Dataclasses - AttributeError: type object 'Arguments' has no attribute 'column

I am trying to use dataclasses to create a list of strings that can be used in a function. I am getting an attribute error when trying to access the information normally as I would with something like my_int: Optional[int] = field(default=1000).

For example:

from typing import Optional, List
from dataclasses import dataclass, field

@dataclass
class Arguments:
    """
    Configuration for data loader.
    """
    
    column_names: Optional[list[str]] = field(
        default_factory= lambda:['copies', 'path', 'repo_name', 'size', 'license', 'hash', 'line_mean', 'line_max', 'alpha_frac', 'autogenerated']
    )

def build_dl(args: Arguments):
    load_train_data = args.column_names
    return load_train_data

build_dl(Arguments)

Error: AttributeError: type object 'Arguments' has no attribute 'column_names'

I am attempting to get args.column_names to be ['copies', 'path', 'repo_name', 'size', 'license', 'hash', 'line_mean', 'line_max', 'alpha_frac', 'autogenerated']

I have not used dataclasses before. Any help would be appreciated.

Thank you.

CodePudding user response：

It seems like you are trying to use column_names as a class variable, rather than a dataclass field. That is, in your case above you would need to first instantiate an instance of Arguments such as Arguments(column_names=...) to be able to access column_names attribute.

So to clarify, the quickest and easiest fix in your case would be to update the call like:

build_dl(Arguments())

One other approach you can use to get around this is by using class variables as mentioned in the docs, which are excluded from consideration by dataclasses altogether. Another option can be to remove the annotation like list[str] entirely, which also achieves the same result.

In below I've also updated the annotation for args to Type[Arguments], to indicate that we're passing the actual type (e.g. Arguments) rather than an instance of the same type.

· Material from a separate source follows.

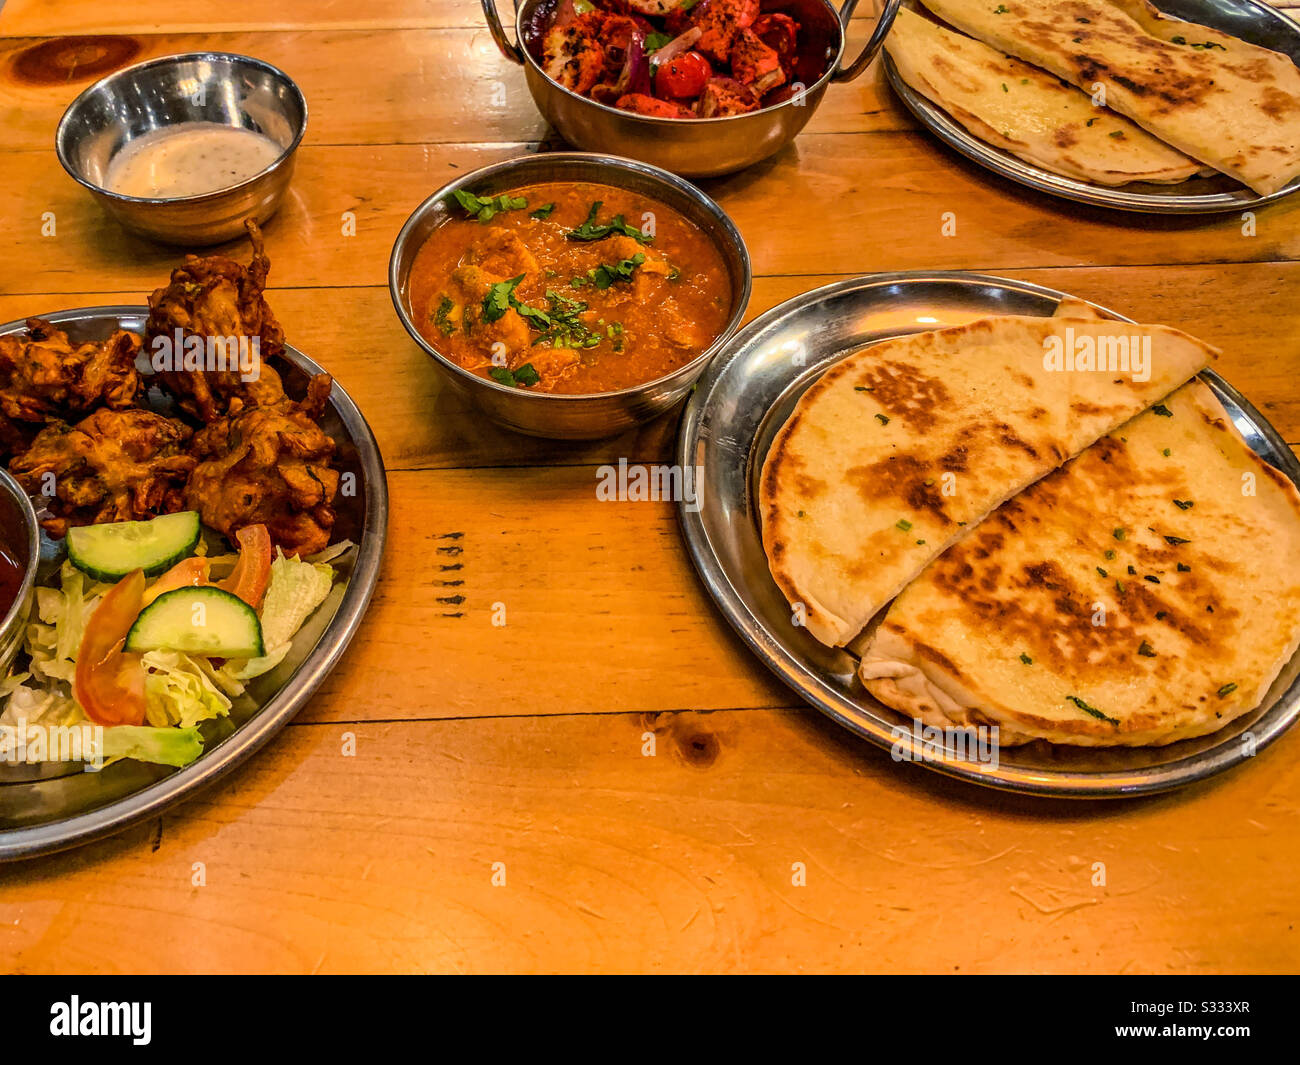 Selezione di cibo indiano ristorante in ciotole tra cui pollo tikka masala naan pane riso e patatine fritte Foto Stock
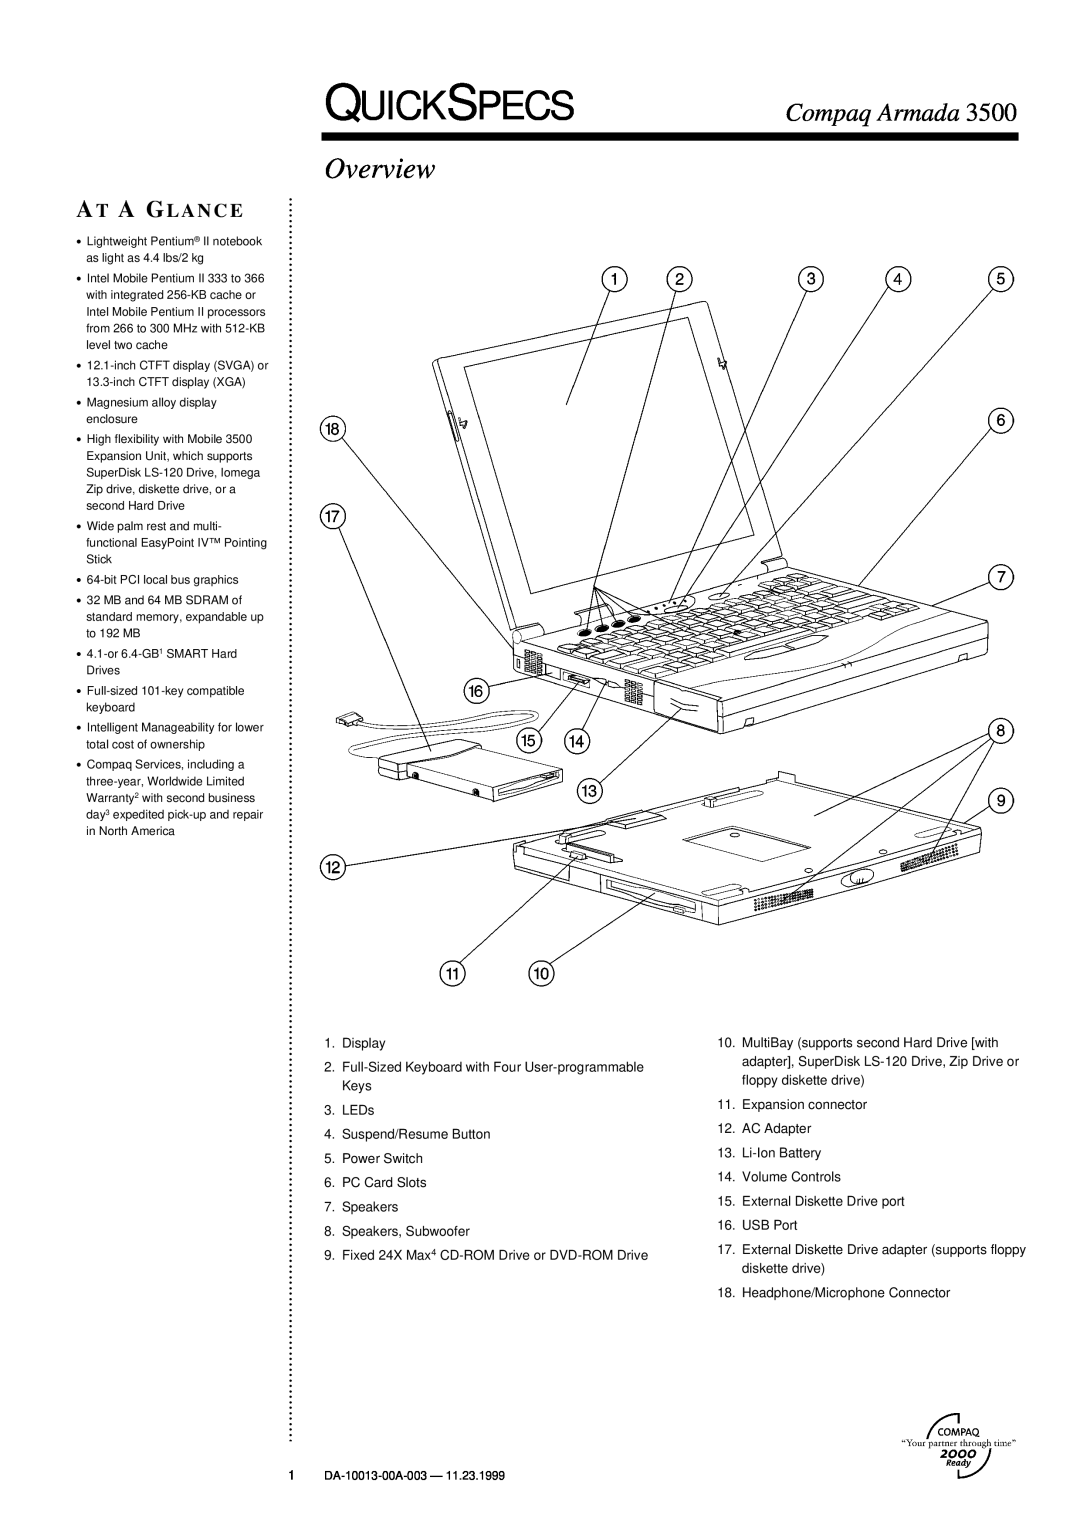 Compaq 3500 warranty Quickspecs, Overview, Compaq Armada, At A Glance

from typing import Type, ClassVar
from dataclasses import dataclass


@dataclass
class Arguments:
    """
    Configuration for data loader.
    """

    column_names: ClassVar[list[str]] = [
        'copies', 'path', 'repo_name', 'size', 'license', 'hash', 'line_mean',
        'line_max', 'alpha_frac', 'autogenerated'
    ]


def build_dl(args: Type[Arguments]):
    load_train_data = args.column_names
    return load_train_data


build_dl(Arguments)